FUTURE historians are likely to note with respect that the second half of the 1950s was a period in which some of the most powerful dictators in Latin America were pulled down. The list includes, among others, the strongmen who once ruled such important countries as Argentina, Colombia, Venezuela and Cuba; today only two or three of the old-style régimes of force still stand. In the many countries from which dictators have recently departed, responsible citizens are struggling to establish constitutional government in societies still marked by the wounds and scars left by years of authoritarian rule and then by revolution. Whether they will succeed in establishing stable régimes of proven democratic commitment remains a question.
Argentina's struggle for democratic recovery--now in its fourth year--has been longer than that of the other countries. In other respects Argentina is also unique among the former dictatorships. For example, it possessed a much more advanced economy before the Perón era than did other countries before their ordeal under one-man rule. Argentina's experience may therefore have only a limited applicability to other situations, but it does illustrate the extreme difficulty of replacing dictatorship with constitutional government.
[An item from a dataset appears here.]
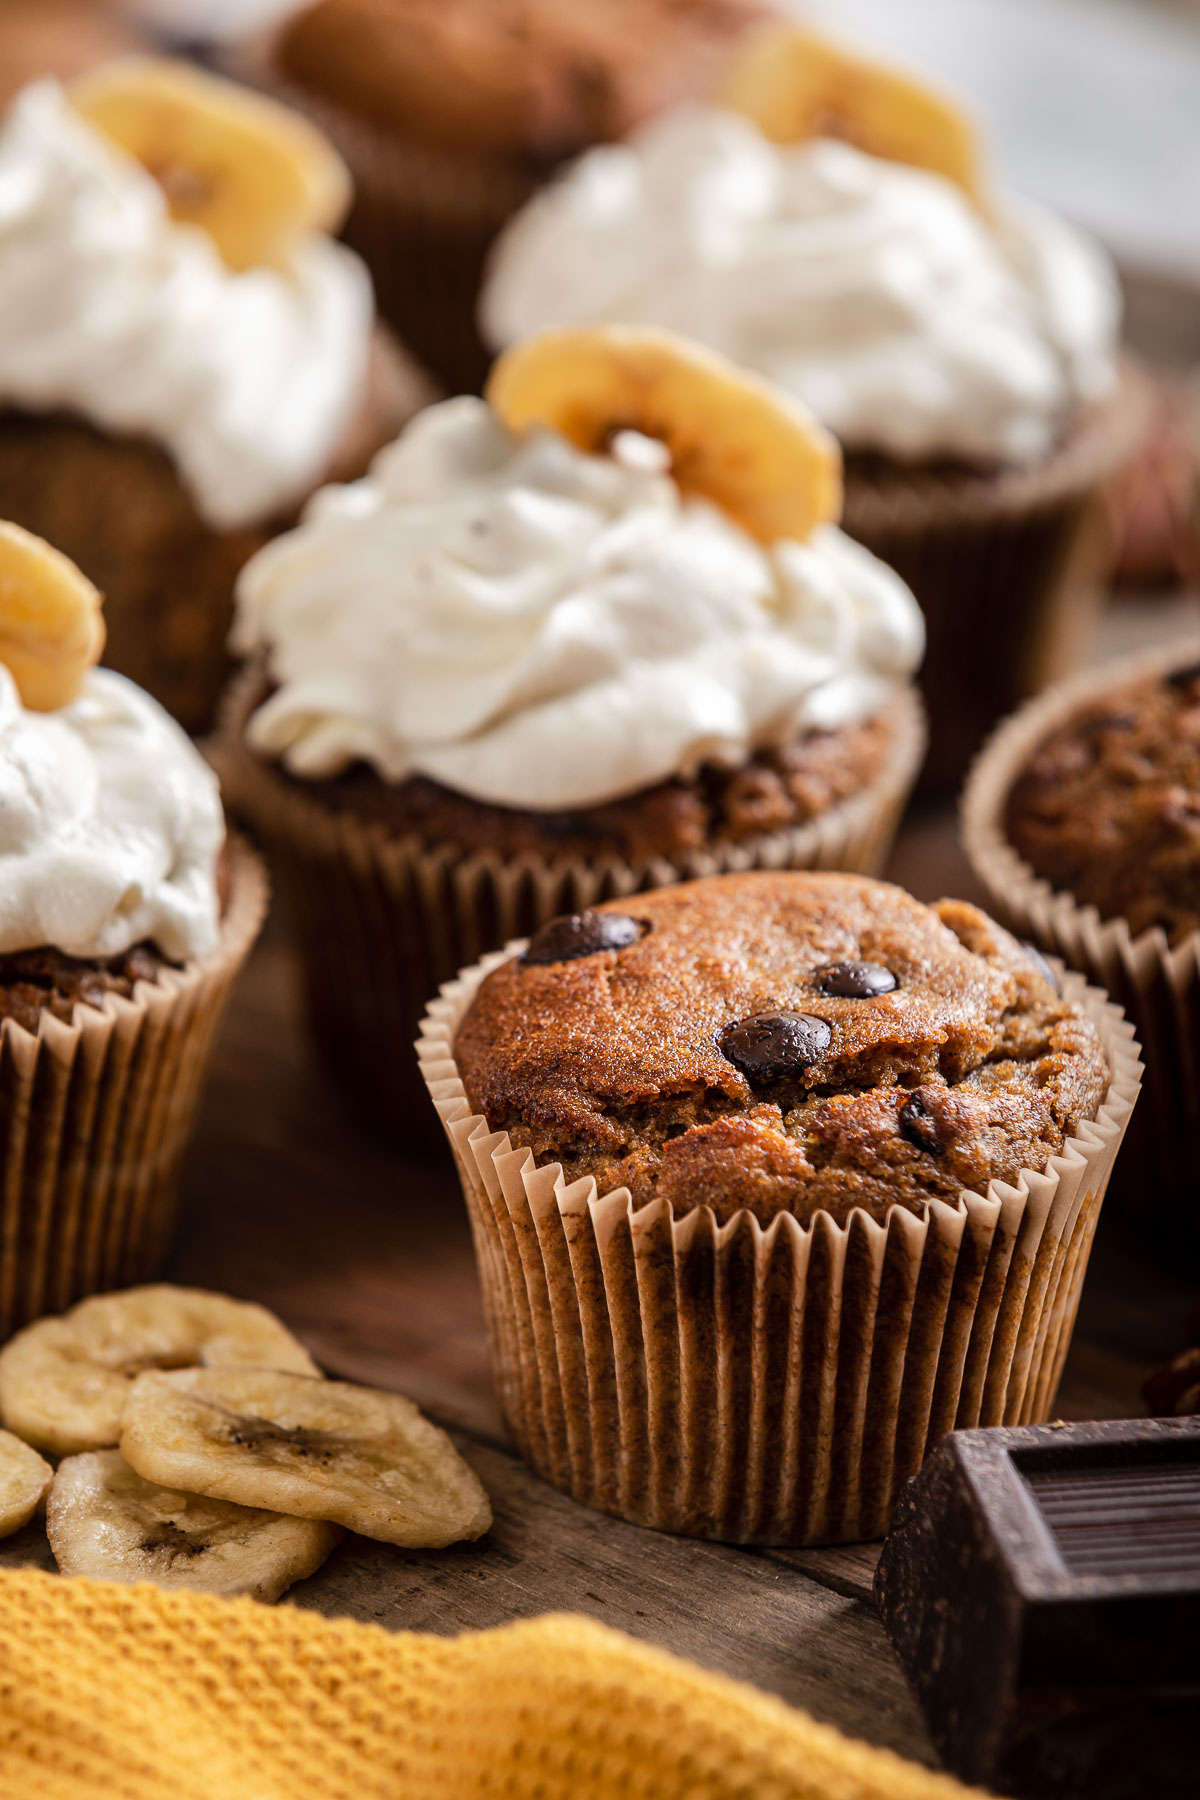 ricetta CUPCAKES VEGAN alla BANANA senza glutine con cioccolato chocolate chip gluten-free VEGAN BANANA CUPCAKES recipe

The Argentine people have been through a lot since Perón fell in September 1955. His régime was succeeded by a Provisional Government of revolutionary origins, directed by the armed forces but not excluding civilian participation. Six weeks later the Provisional Government underwent an internal crisis which resulted in the Presidency passing from General Lonardi to General Aramburu. Aramburu's government sought to restore traditional civilian rule, with the announced intention of quitting office as soon as practicable. It reëstablished the pre-Perón Constitution and called a popularly elected convention for constitutional revision. The work of the convention did not amount to much, but the government went ahead with plans for general elections for the Presidency and the Congress. Meanwhile it faced subversive threats from the still loyal and numerous body of Perón's followers.